_EXERCISE PROMPT_
From the listing below, set down exactly the lines between the one holding "Chanel 1991 Vintage" and the one holding "El jardín del", inclusive. No other line is wanted.

● ● ● ● ●

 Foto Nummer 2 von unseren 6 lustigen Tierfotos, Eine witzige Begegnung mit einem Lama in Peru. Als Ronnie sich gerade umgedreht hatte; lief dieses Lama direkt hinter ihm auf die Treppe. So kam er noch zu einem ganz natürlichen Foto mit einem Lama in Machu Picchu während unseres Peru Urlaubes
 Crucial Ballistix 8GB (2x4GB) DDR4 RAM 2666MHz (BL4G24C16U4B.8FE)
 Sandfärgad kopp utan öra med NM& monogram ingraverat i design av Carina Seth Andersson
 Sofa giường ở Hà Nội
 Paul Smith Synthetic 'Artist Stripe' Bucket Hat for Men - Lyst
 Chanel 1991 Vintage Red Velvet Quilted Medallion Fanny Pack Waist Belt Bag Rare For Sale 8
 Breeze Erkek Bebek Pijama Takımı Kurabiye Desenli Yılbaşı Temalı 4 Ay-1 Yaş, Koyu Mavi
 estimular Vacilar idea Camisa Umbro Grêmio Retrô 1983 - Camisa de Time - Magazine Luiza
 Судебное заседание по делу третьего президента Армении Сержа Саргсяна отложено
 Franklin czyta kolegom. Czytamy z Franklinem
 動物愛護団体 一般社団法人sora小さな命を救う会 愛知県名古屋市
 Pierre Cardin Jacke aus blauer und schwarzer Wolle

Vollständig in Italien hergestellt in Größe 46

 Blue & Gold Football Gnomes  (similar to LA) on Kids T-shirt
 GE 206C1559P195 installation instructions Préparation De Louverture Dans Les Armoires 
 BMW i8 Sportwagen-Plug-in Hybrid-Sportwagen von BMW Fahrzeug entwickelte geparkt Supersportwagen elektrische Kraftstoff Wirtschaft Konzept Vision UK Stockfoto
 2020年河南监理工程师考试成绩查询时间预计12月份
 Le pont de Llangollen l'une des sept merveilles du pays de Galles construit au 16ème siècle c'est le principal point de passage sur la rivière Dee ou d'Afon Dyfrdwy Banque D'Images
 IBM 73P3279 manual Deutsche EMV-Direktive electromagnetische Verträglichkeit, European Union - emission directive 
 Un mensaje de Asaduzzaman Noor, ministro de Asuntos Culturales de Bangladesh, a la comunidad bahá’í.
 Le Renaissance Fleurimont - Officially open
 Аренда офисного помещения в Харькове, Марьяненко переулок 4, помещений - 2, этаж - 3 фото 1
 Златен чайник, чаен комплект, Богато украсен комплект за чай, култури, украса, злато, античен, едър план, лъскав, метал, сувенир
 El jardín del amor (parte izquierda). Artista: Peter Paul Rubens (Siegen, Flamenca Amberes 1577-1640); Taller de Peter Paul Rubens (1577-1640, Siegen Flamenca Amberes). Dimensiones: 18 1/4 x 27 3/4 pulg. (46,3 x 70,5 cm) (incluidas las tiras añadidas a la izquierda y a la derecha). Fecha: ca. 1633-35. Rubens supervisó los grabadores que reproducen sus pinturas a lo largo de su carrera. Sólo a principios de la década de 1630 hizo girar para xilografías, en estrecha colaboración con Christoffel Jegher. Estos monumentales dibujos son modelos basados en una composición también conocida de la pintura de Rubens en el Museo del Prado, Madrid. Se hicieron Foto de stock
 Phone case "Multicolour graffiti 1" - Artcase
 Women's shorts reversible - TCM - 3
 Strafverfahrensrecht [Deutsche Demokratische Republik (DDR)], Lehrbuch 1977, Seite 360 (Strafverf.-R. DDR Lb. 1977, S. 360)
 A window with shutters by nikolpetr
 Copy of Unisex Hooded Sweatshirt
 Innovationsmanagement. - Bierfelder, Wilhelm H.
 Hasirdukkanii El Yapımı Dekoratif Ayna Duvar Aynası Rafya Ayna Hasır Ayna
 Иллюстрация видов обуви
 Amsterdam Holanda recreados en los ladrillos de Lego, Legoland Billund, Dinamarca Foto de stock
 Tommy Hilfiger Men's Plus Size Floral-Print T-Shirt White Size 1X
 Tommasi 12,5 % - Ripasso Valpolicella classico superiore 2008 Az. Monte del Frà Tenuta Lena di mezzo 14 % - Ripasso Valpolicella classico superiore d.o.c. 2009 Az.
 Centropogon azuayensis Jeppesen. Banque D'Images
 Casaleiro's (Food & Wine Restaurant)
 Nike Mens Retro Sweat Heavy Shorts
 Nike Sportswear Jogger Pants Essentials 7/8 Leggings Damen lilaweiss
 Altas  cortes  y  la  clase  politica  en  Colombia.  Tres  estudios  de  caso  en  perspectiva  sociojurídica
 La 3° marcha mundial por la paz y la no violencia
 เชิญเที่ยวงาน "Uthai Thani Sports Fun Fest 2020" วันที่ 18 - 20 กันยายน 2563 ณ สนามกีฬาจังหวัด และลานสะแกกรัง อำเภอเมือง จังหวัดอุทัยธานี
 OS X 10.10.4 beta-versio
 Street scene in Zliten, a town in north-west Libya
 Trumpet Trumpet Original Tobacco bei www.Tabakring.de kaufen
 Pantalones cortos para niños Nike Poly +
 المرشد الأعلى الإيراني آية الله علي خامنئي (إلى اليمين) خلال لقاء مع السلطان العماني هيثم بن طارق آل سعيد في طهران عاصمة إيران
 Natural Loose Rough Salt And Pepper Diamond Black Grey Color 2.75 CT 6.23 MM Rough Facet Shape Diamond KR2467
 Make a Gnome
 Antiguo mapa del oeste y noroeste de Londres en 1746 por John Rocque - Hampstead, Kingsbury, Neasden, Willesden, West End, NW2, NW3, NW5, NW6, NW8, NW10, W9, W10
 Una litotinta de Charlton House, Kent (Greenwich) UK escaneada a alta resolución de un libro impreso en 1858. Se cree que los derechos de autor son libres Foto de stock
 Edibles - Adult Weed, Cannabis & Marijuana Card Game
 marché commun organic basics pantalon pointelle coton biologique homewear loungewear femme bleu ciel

● ● ● ● ●

_TASK ANSWER_
 Chanel 1991 Vintage Red Velvet Quilted Medallion Fanny Pack Waist Belt Bag Rare For Sale 8
 Breeze Erkek Bebek Pijama Takımı Kurabiye Desenli Yılbaşı Temalı 4 Ay-1 Yaş, Koyu Mavi
 estimular Vacilar idea Camisa Umbro Grêmio Retrô 1983 - Camisa de Time - Magazine Luiza
 Судебное заседание по делу третьего президента Армении Сержа Саргсяна отложено
 Franklin czyta kolegom. Czytamy z Franklinem
 動物愛護団体 一般社団法人sora小さな命を救う会 愛知県名古屋市
 Pierre Cardin Jacke aus blauer und schwarzer Wolle

Vollständig in Italien hergestellt in Größe 46

 Blue & Gold Football Gnomes  (similar to LA) on Kids T-shirt
 GE 206C1559P195 installation instructions Préparation De Louverture Dans Les Armoires 
 BMW i8 Sportwagen-Plug-in Hybrid-Sportwagen von BMW Fahrzeug entwickelte geparkt Supersportwagen elektrische Kraftstoff Wirtschaft Konzept Vision UK Stockfoto
 2020年河南监理工程师考试成绩查询时间预计12月份
 Le pont de Llangollen l'une des sept merveilles du pays de Galles construit au 16ème siècle c'est le principal point de passage sur la rivière Dee ou d'Afon Dyfrdwy Banque D'Images
 IBM 73P3279 manual Deutsche EMV-Direktive electromagnetische Verträglichkeit, European Union - emission directive 
 Un mensaje de Asaduzzaman Noor, ministro de Asuntos Culturales de Bangladesh, a la comunidad bahá’í.
 Le Renaissance Fleurimont - Officially open
 Аренда офисного помещения в Харькове, Марьяненко переулок 4, помещений - 2, этаж - 3 фото 1
 Златен чайник, чаен комплект, Богато украсен комплект за чай, култури, украса, злато, античен, едър план, лъскав, метал, сувенир
 El jardín del amor (parte izquierda). Artista: Peter Paul Rubens (Siegen, Flamenca Amberes 1577-1640); Taller de Peter Paul Rubens (1577-1640, Siegen Flamenca Amberes). Dimensiones: 18 1/4 x 27 3/4 pulg. (46,3 x 70,5 cm) (incluidas las tiras añadidas a la izquierda y a la derecha). Fecha: ca. 1633-35. Rubens supervisó los grabadores que reproducen sus pinturas a lo largo de su carrera. Sólo a principios de la década de 1630 hizo girar para xilografías, en estrecha colaboración con Christoffel Jegher. Estos monumentales dibujos son modelos basados en una composición también conocida de la pintura de Rubens en el Museo del Prado, Madrid. Se hicieron Foto de stock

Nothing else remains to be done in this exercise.